=== Problem description ===
From top to bottom, write out the listing exactly and skip every picture.

=== Data segment ===
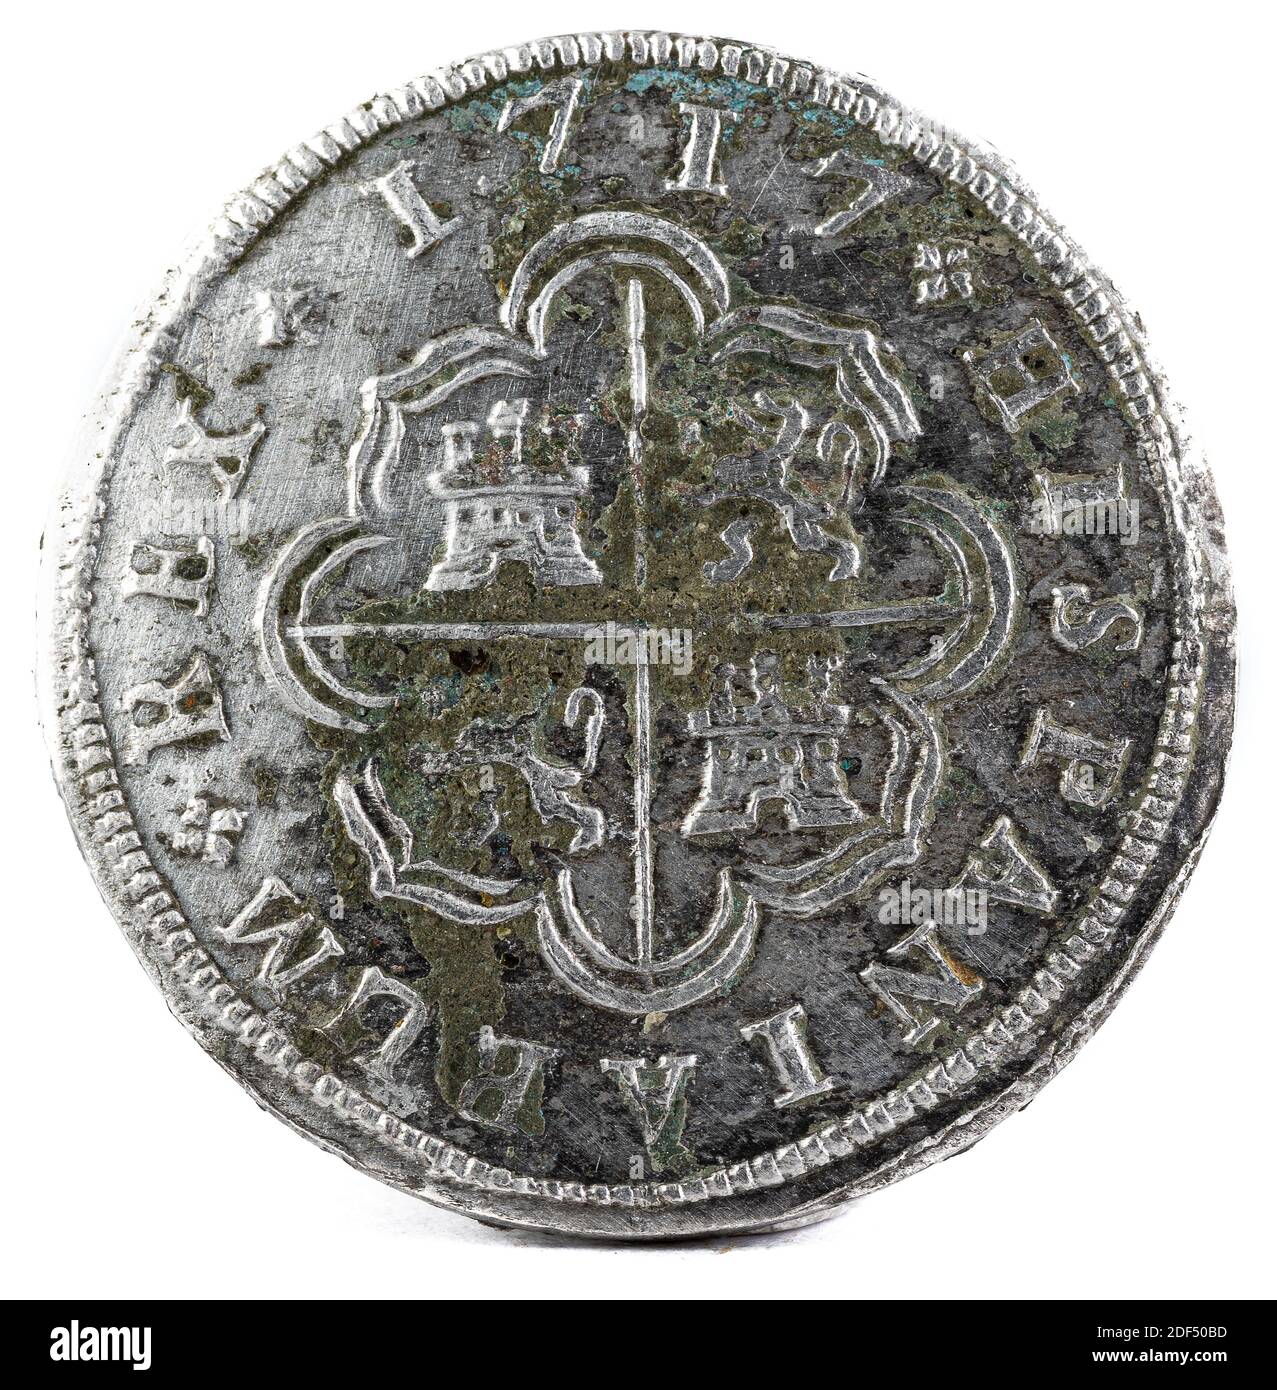 Alte spanische Silbermünze der König Felipe V. 1717. In Madrid geprägt. 2 Reales. Rückwärts. Stockfoto
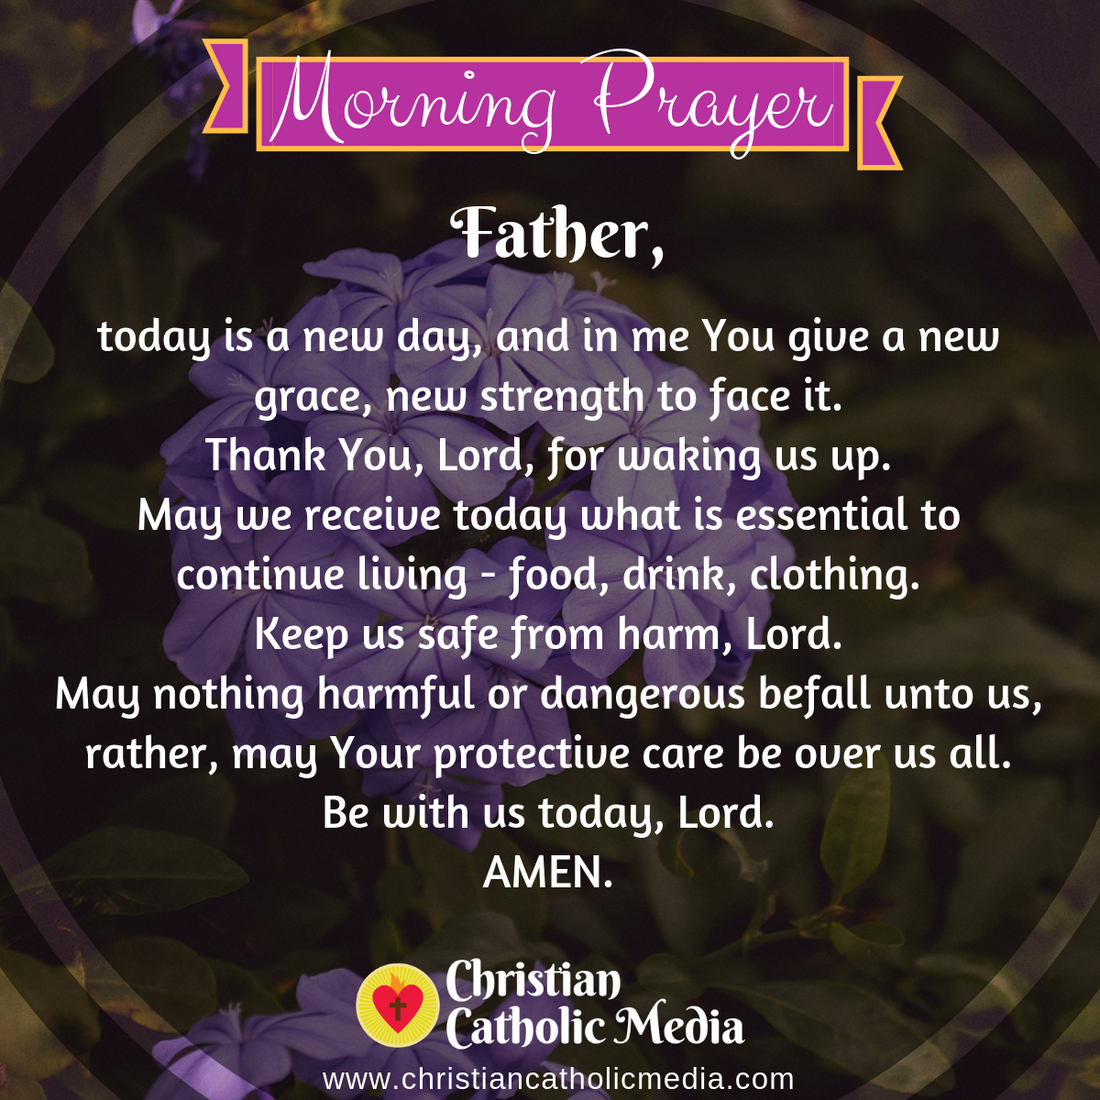 Morning Prayer Catholic Tuesday 12-10-2019
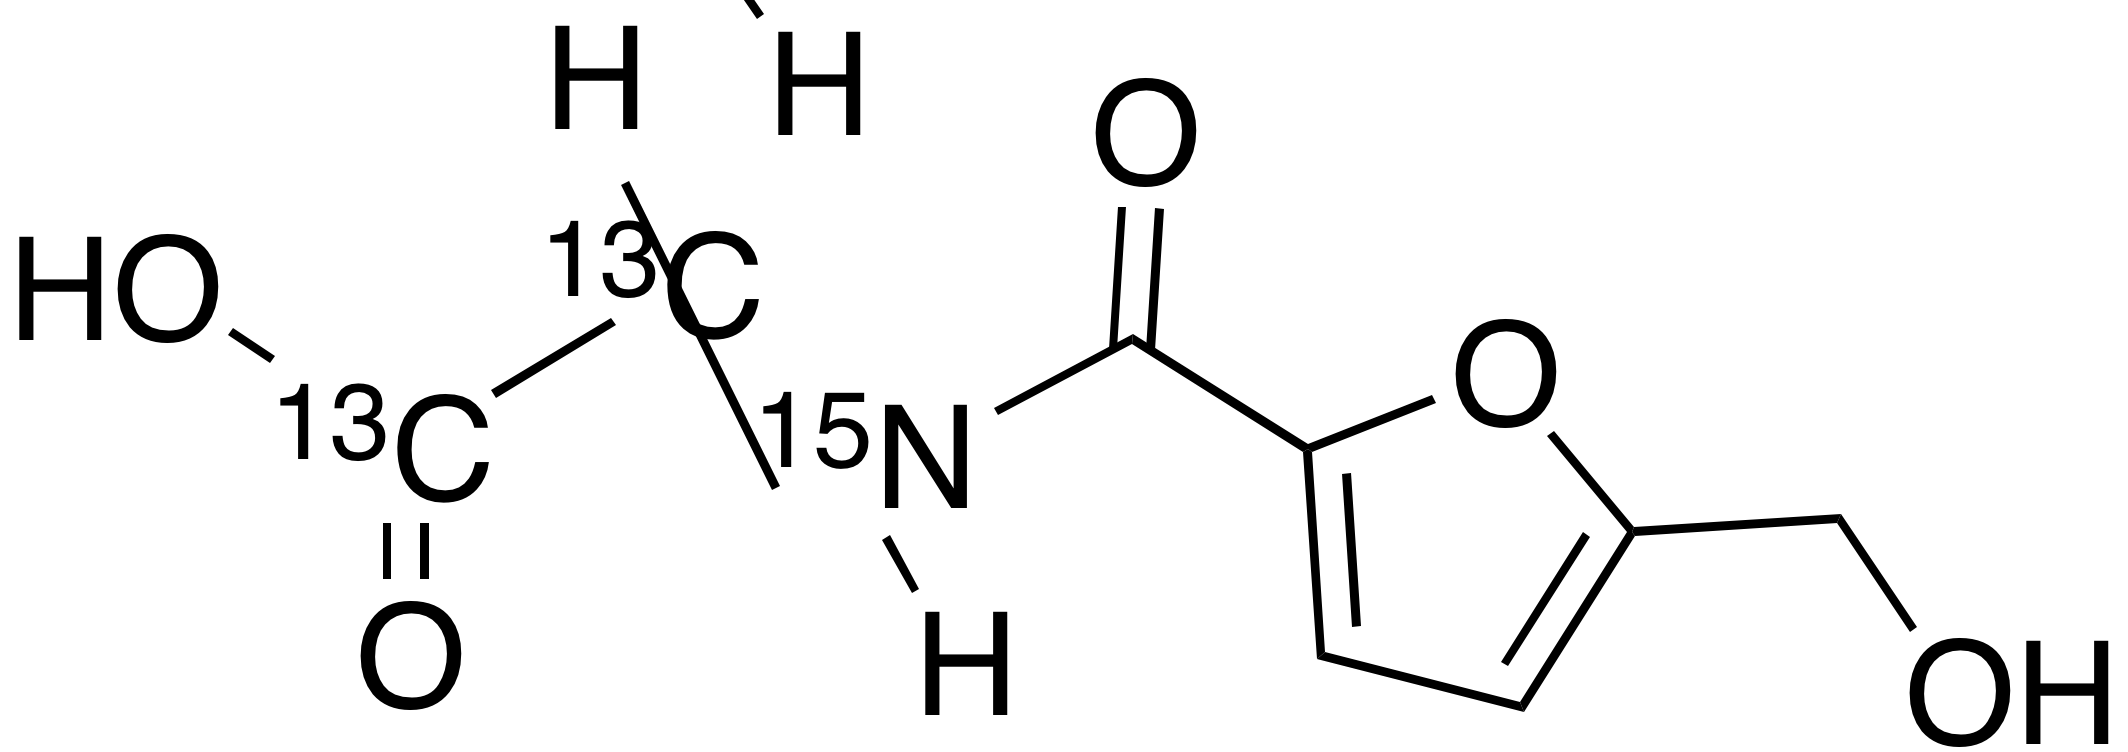 5-Hydroxymethyl-2-furoylglycine-13C2,15N

=== Task answer ===
 Alte spanische Silbermünze der König Felipe V. 1717. In Madrid geprägt. 2 Reales. Rückwärts. Stockfoto
 Morning Prayer Catholic Tuesday 12-10-2019
 5-Hydroxymethyl-2-furoylglycine-13C2,15N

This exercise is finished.